DATA SEGMENT:
>>>
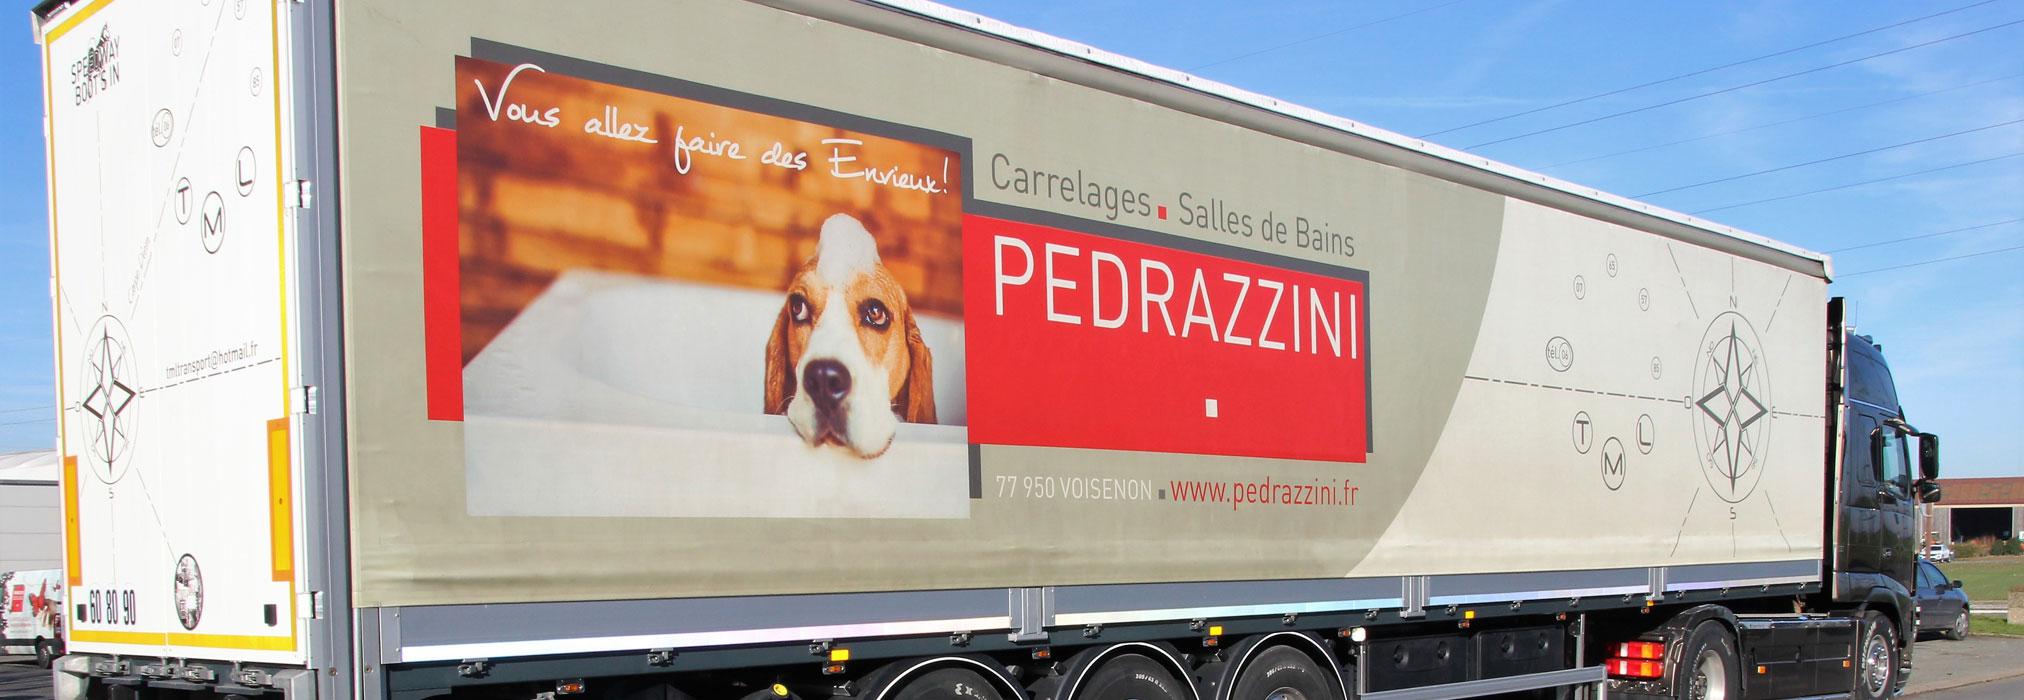 Pedrazzini vente de carrelage en seine et marne
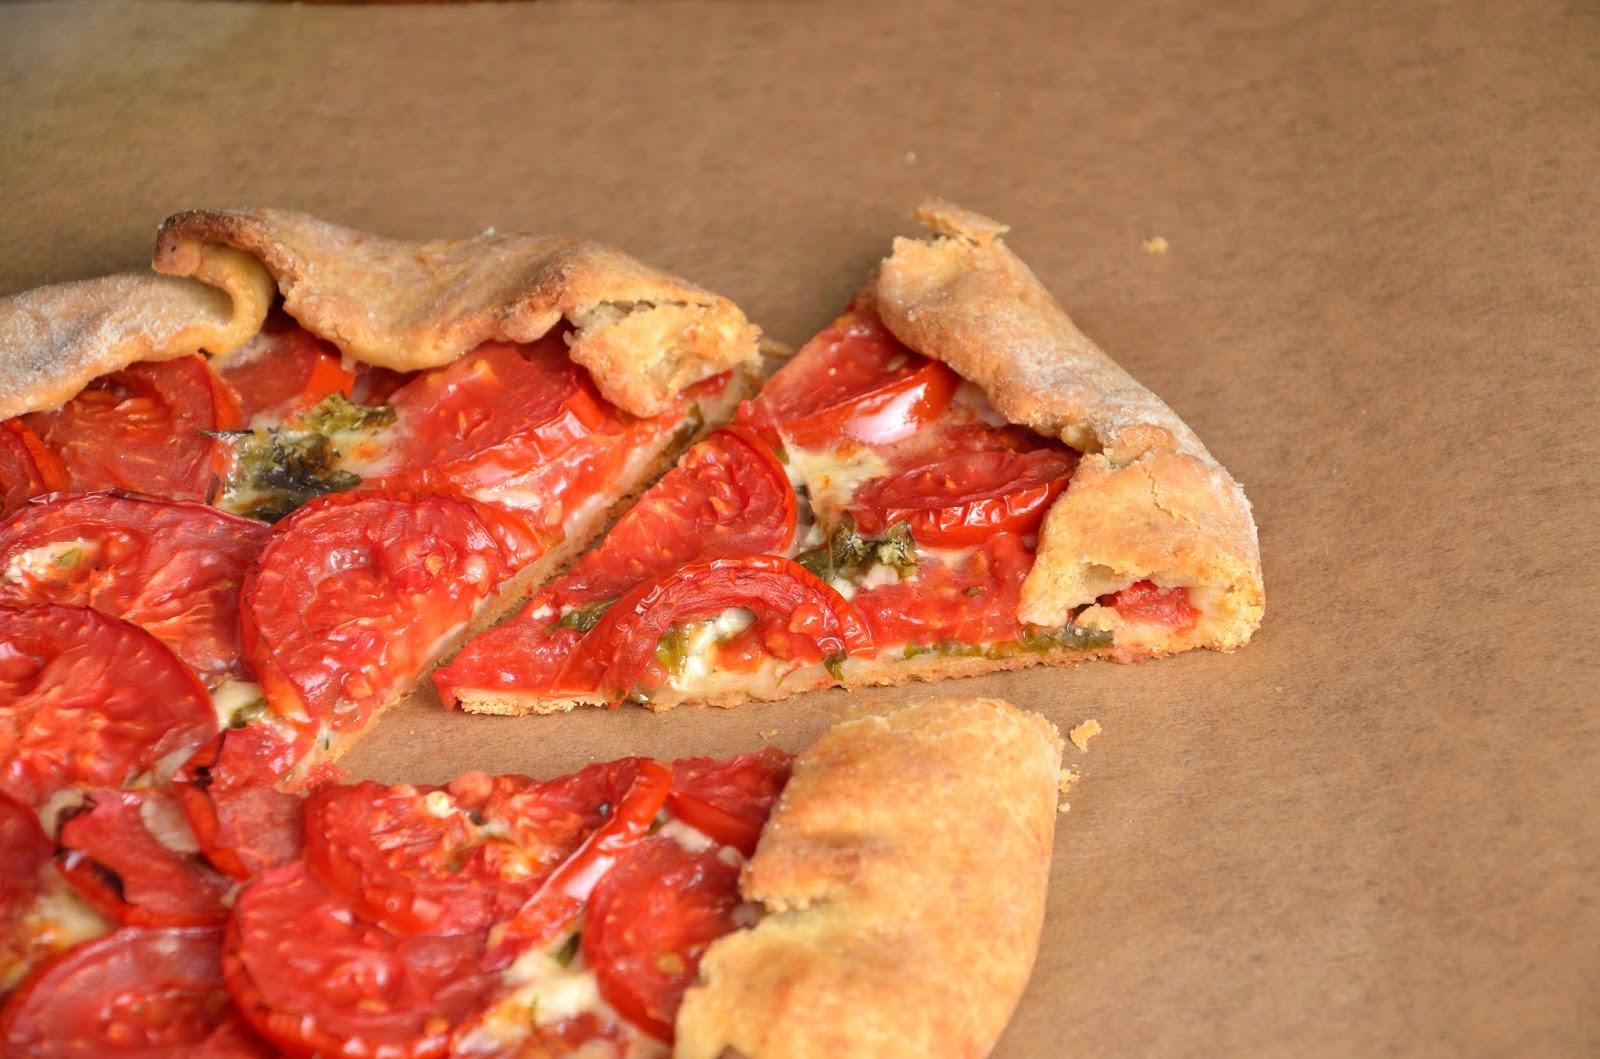 Galette z pomidorami i mozzarellą
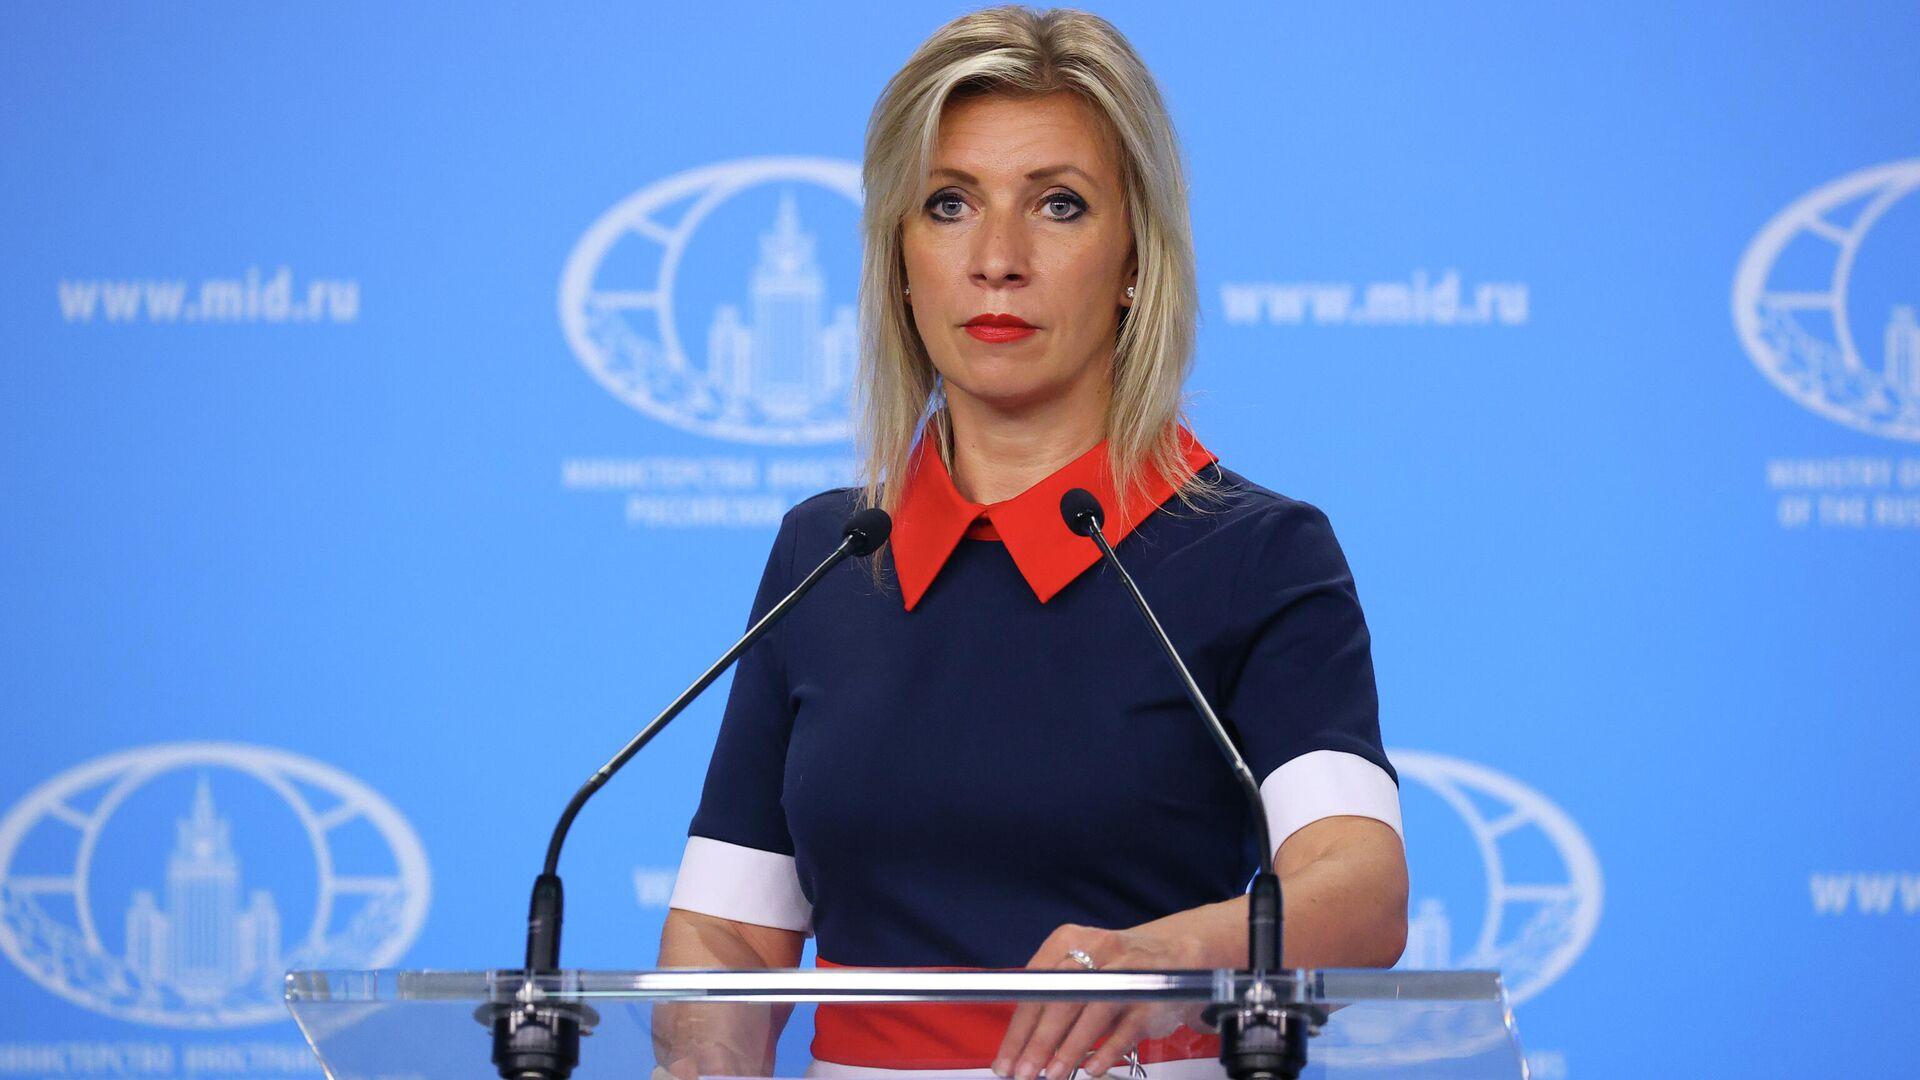 La portavoz del Ministerio de Asuntos Exteriores ruso, María Zajárova - Sputnik Mundo, 1920, 16.09.2021
<<<
WHAT YOU SHOULD DO:
When copying, output the data exactly and leave out the pictures.

EXERCISE OUTPUT:
 Pedrazzini vente de carrelage en seine et marne
 Galette z pomidorami i mozzarellą
 La portavoz del Ministerio de Asuntos Exteriores ruso, María Zajárova - Sputnik Mundo, 1920, 16.09.2021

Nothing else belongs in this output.